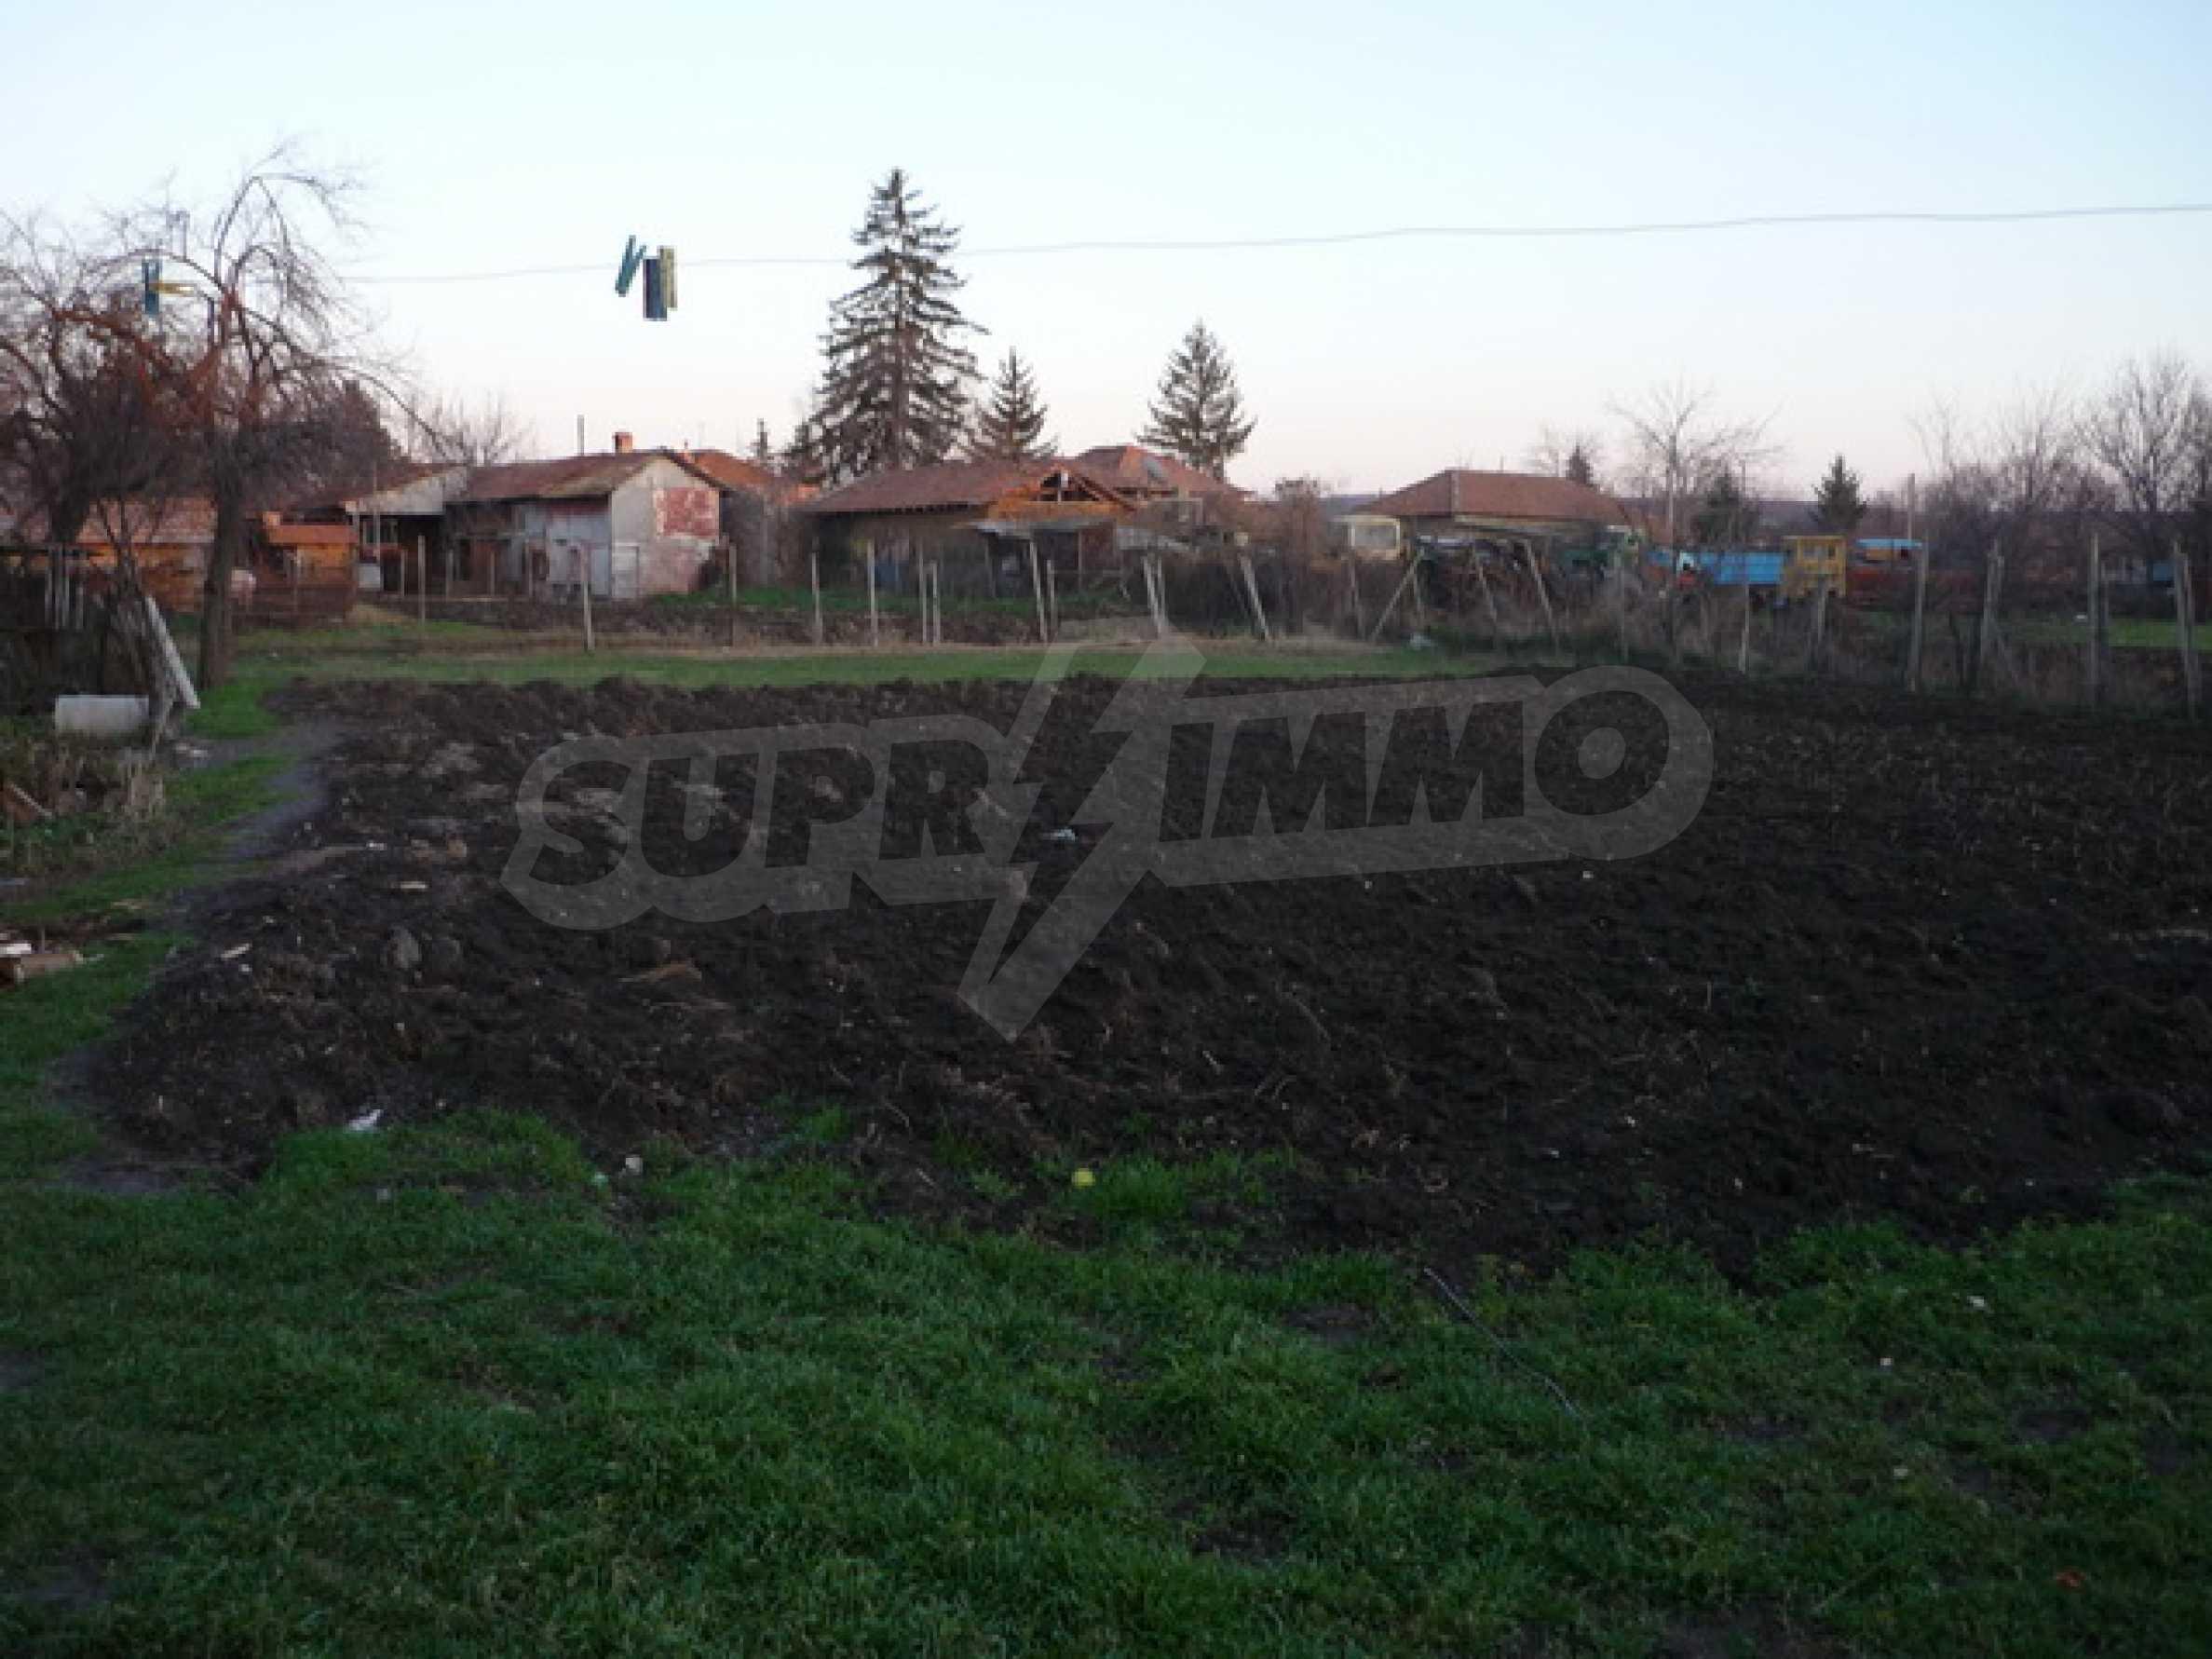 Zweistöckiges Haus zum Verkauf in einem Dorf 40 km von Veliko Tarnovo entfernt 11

◇ ◇ ◇ ◇

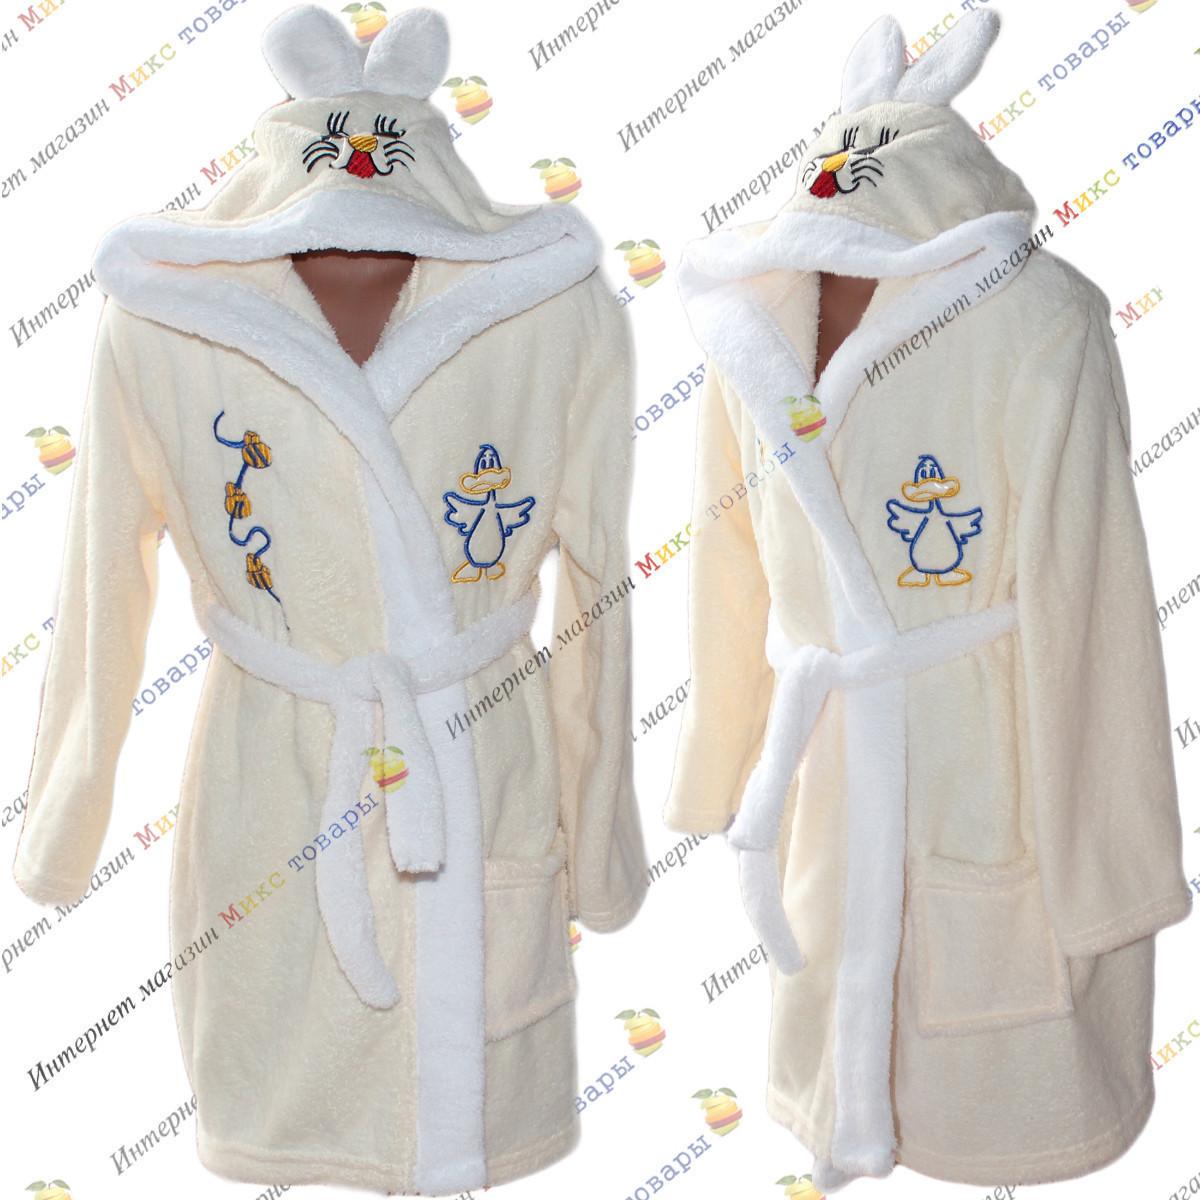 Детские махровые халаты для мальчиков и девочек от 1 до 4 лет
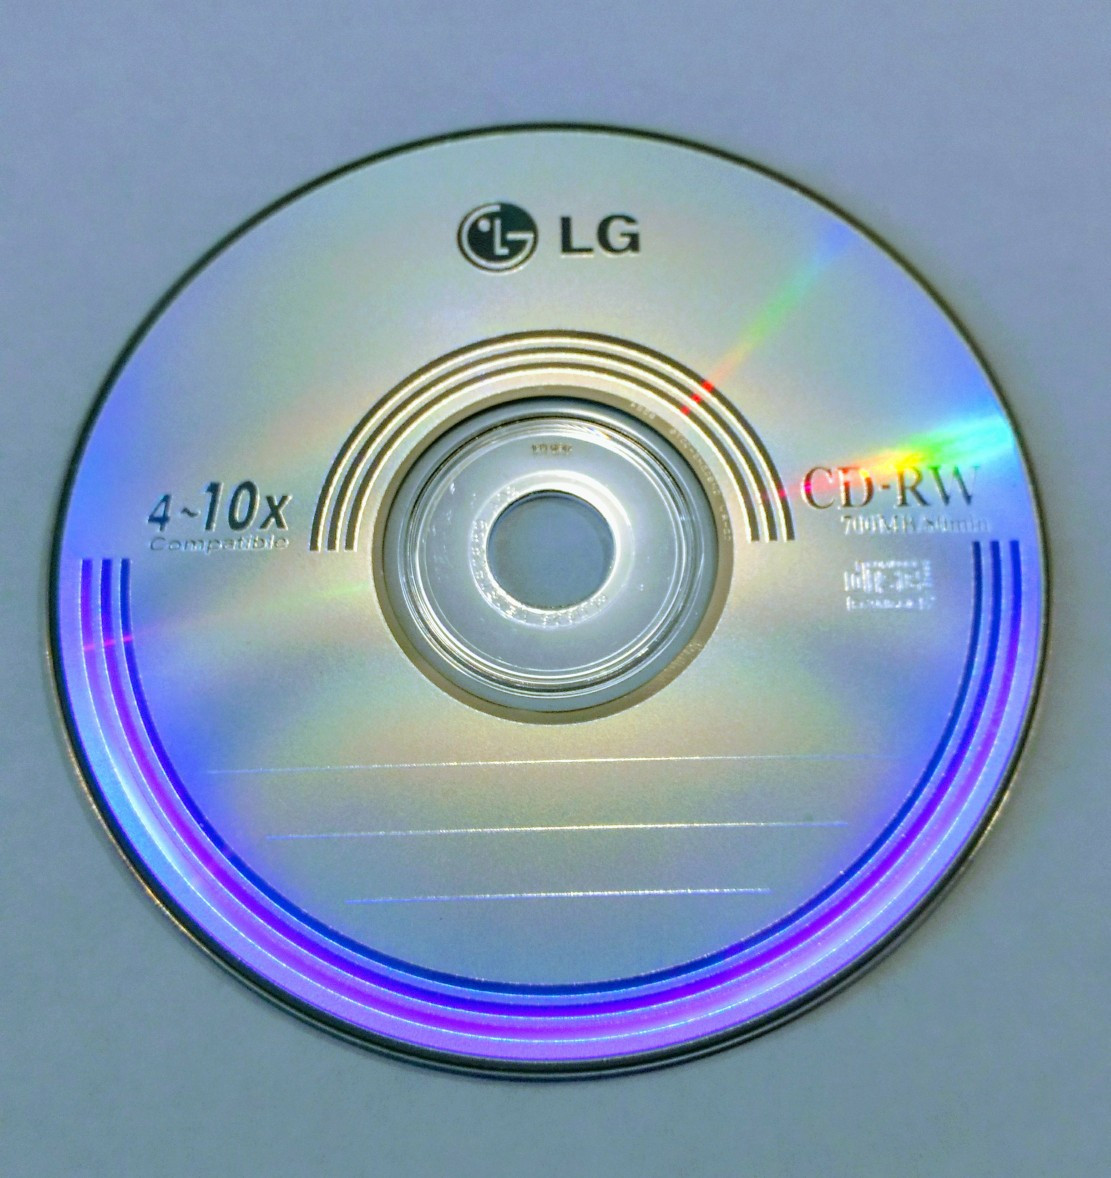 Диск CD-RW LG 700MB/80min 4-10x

◇ ◇ ◇ ◇

◆ WHAT IS NEEDED
Look above for the line holding "Детские махровые халаты" and output everything from it down to the line holding "Диск CD-RW LG 700MB/80min 4-10x", both ends included, exactly and without images.

◆ WRITTEN SOLUTION
 Детские махровые халаты для мальчиков и девочек от 1 до 4 лет
 Диск CD-RW LG 700MB/80min 4-10x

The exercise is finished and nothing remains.